## Collected data
<<<<

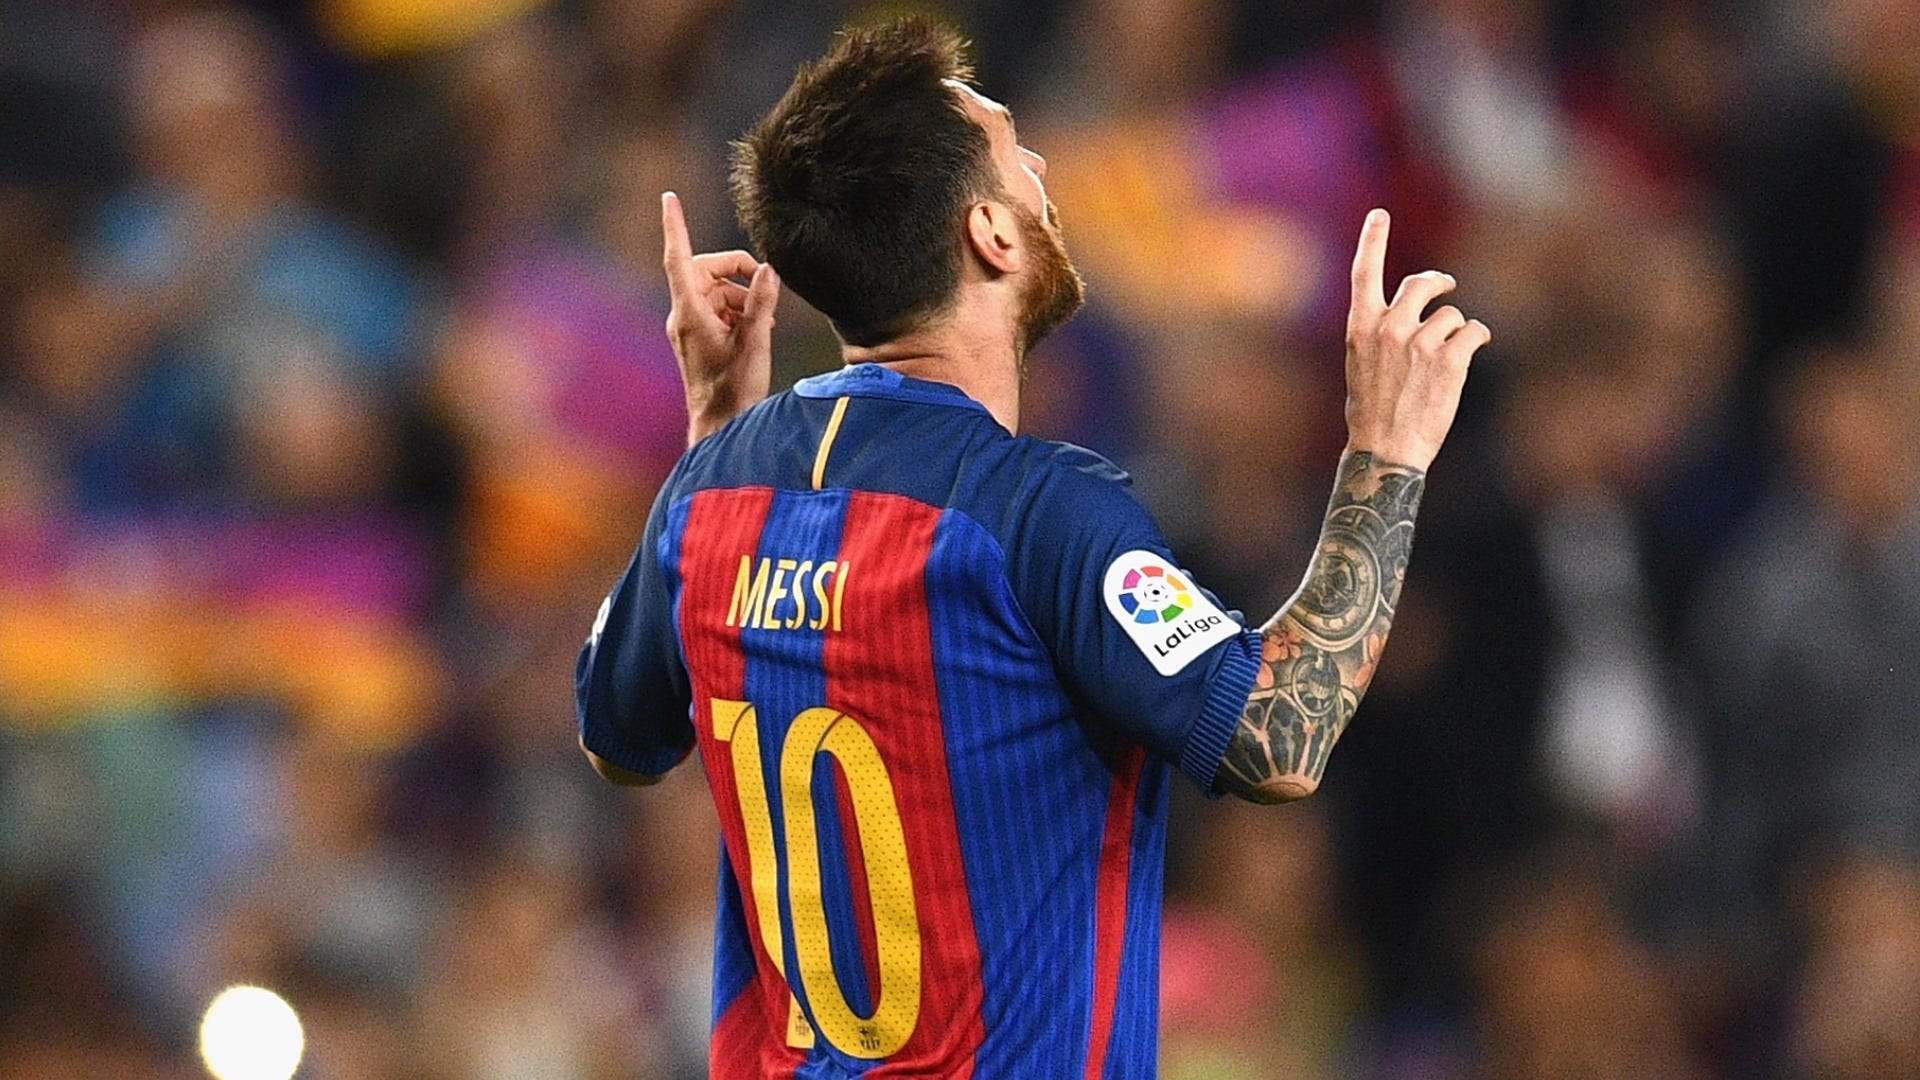 Vua phá lưới La Liga 2016-17 - Messi luôn là cái tên được nhắc đến khi nhắc đến danh hiệu này. Với những bức ảnh đẹp về siêu sao người Argentina này, bạn sẽ nhìn thấy ngay sự vượt trội, tài năng và sự xuất sắc của anh. Hãy truy cập ngay để xem và cảm nhận!
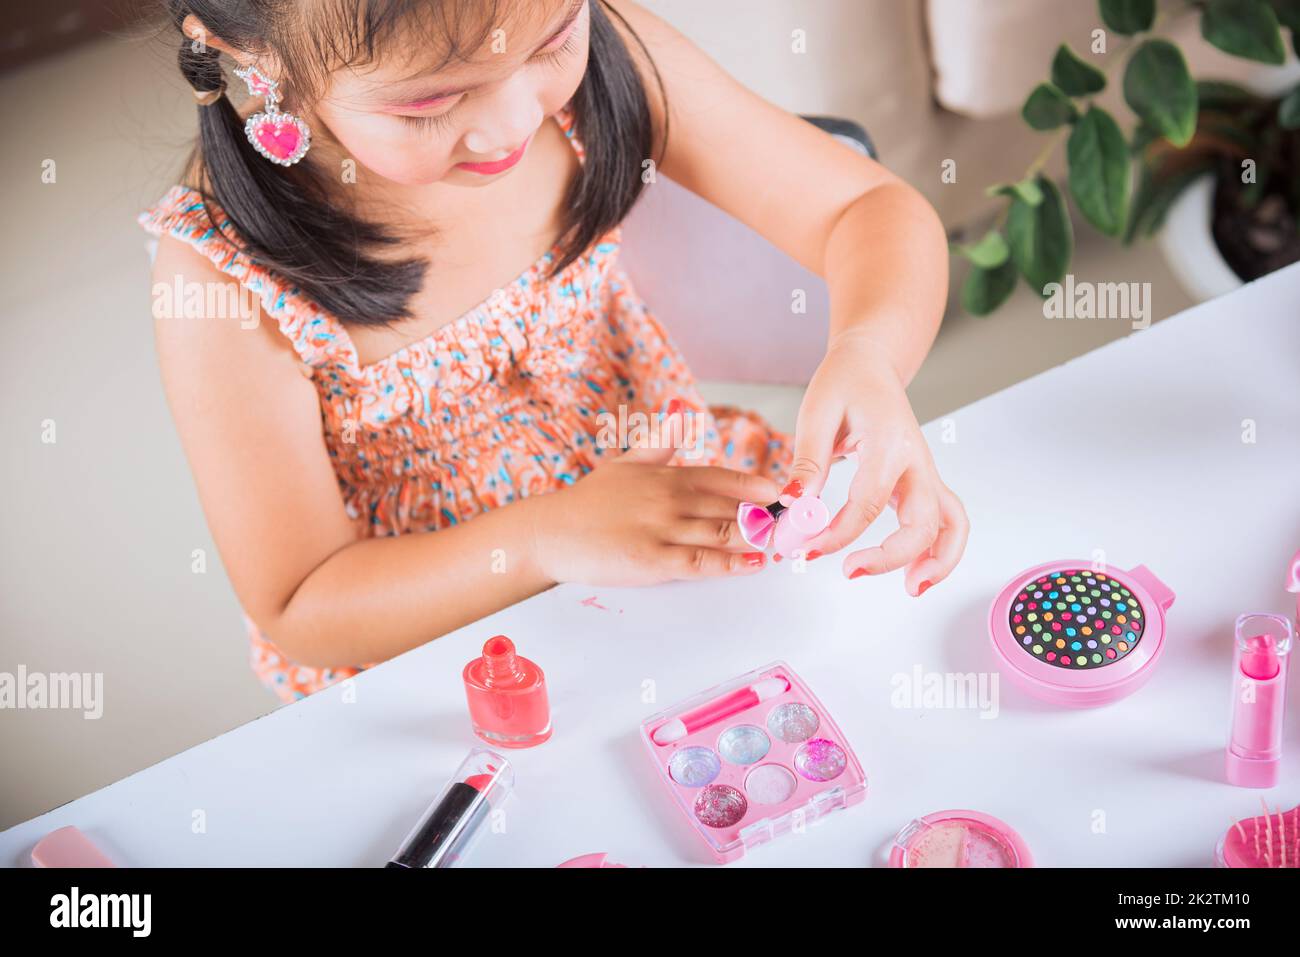 petite fille faisant le maquillage trempette brosse dans la bouteille pour peindre les ongles vernis à ongles rouge elle-même Banque D'Images
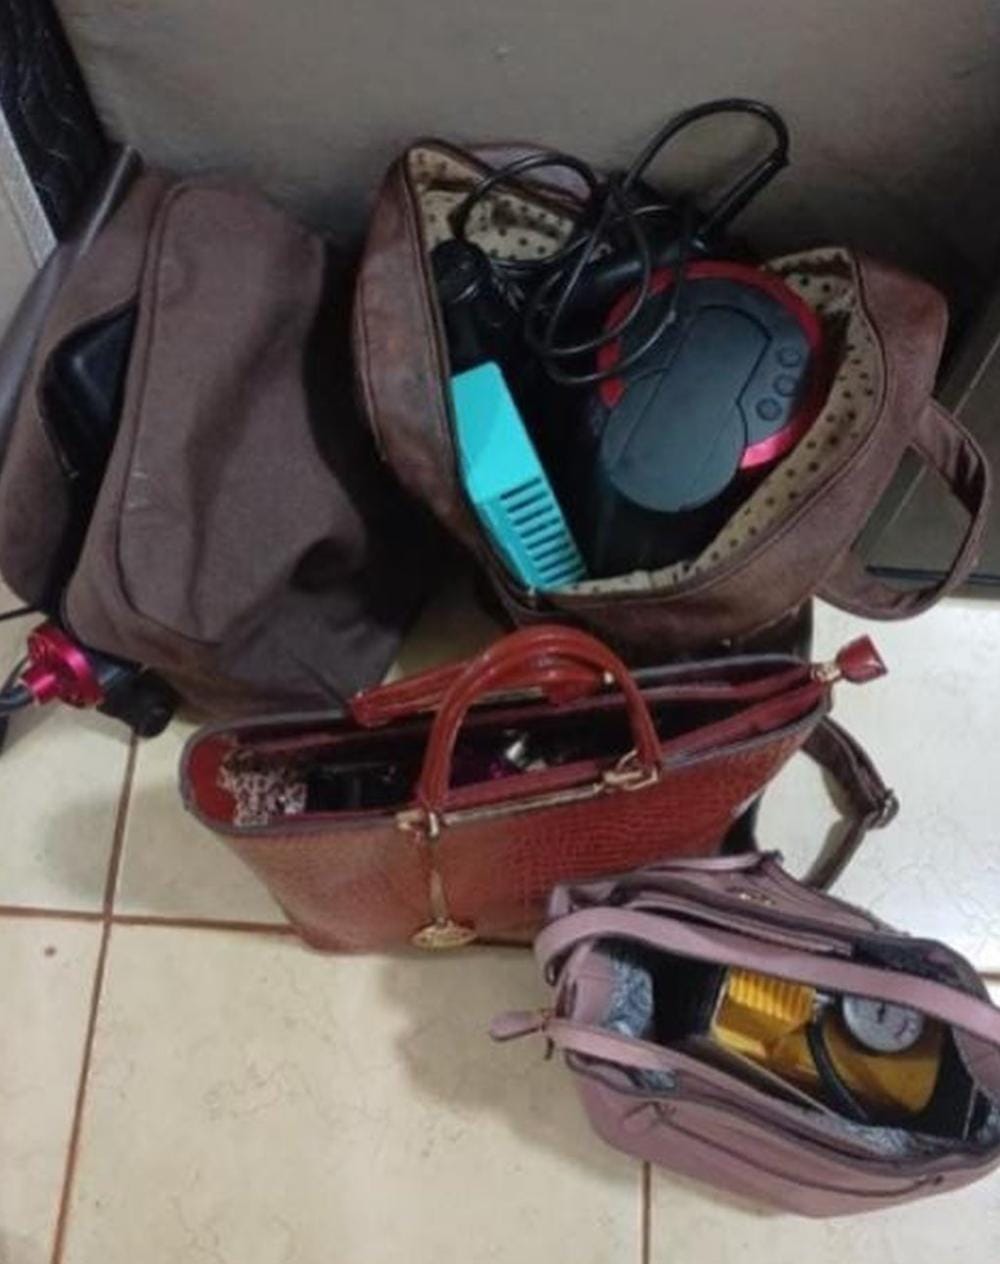 PM recupera diversos objetos e móveis furtados em residência no Sudoeste goiano

>>>>

## The task
Please repeat everything in the data above except the pictures, exactly as it reads.

## Answer to this problem
 Vua phá lưới La Liga 2016-17 - Messi luôn là cái tên được nhắc đến khi nhắc đến danh hiệu này. Với những bức ảnh đẹp về siêu sao người Argentina này, bạn sẽ nhìn thấy ngay sự vượt trội, tài năng và sự xuất sắc của anh. Hãy truy cập ngay để xem và cảm nhận!
 petite fille faisant le maquillage trempette brosse dans la bouteille pour peindre les ongles vernis à ongles rouge elle-même Banque D'Images
 PM recupera diversos objetos e móveis furtados em residência no Sudoeste goiano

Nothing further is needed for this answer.